Abstract

In the ever-updating digital world, automatic handwritten math symbols classification (HMC) plays many vital roles in the advancement of computer-aided systems. It is the main foundation of perfecting one of the most challenging tasks out there: recognizing handwritten mathematical formulas. As with the other similar automated handwritten characters classifications tasks, HMC also faces various difficulties while attempting to correctly classify images. As people tend to have distinct types of handwriting styles and unique ways to write symbols, a simple character may have infinite versions of itself. In our research, we focused on the classification of such images of numerous handwritten mathematical symbols. For this classification, we have developed a convolutional neural network (CNN) model and worked with three different datasets to test our model’s efficiency. We introduced different data augmentation techniques to construct various versions of the already available images. This created a virtual mimicry of people’s tendency to write the same character in many styles.
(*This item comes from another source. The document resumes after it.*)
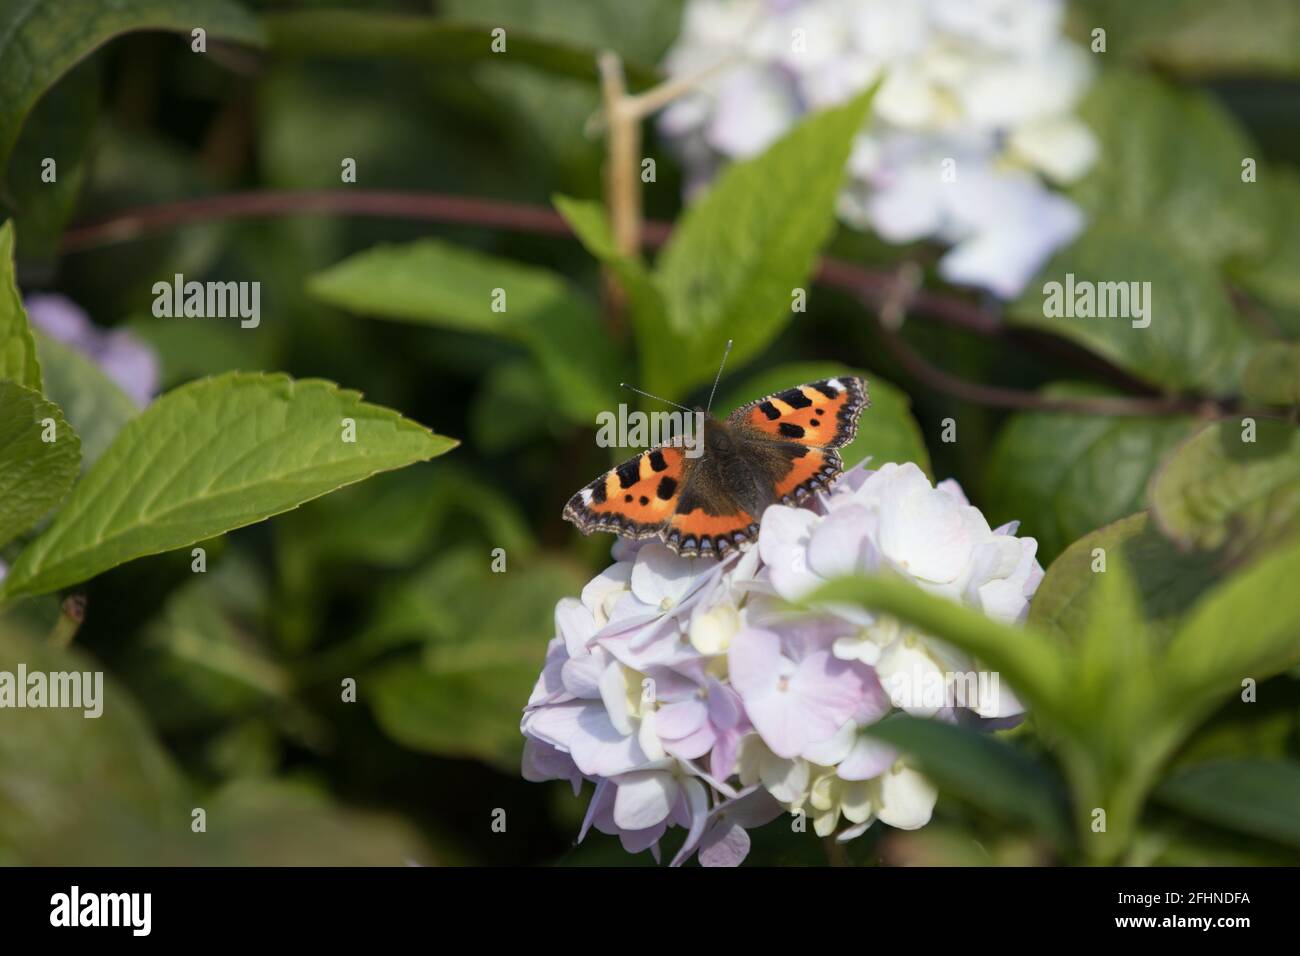 Large tortoiseshell butterfly sitting on a white flower. British insect in a UK garden in summer Stock Photo

Our CNN model of 11 layers (6 were convolutional layers) worked to classify 16 classes (each denoting a mathematical symbol or digit) and had an accuracy of 98.71%, 99.01%, and 99.85% respectively on three publicly available datasets. To our knowledge, our model performed better than every other research work in this field. Considering this remarkable success, we are bent on working further on this and creating a fully working app that would eventually be able to automatically classify handwritten mathematical formulas.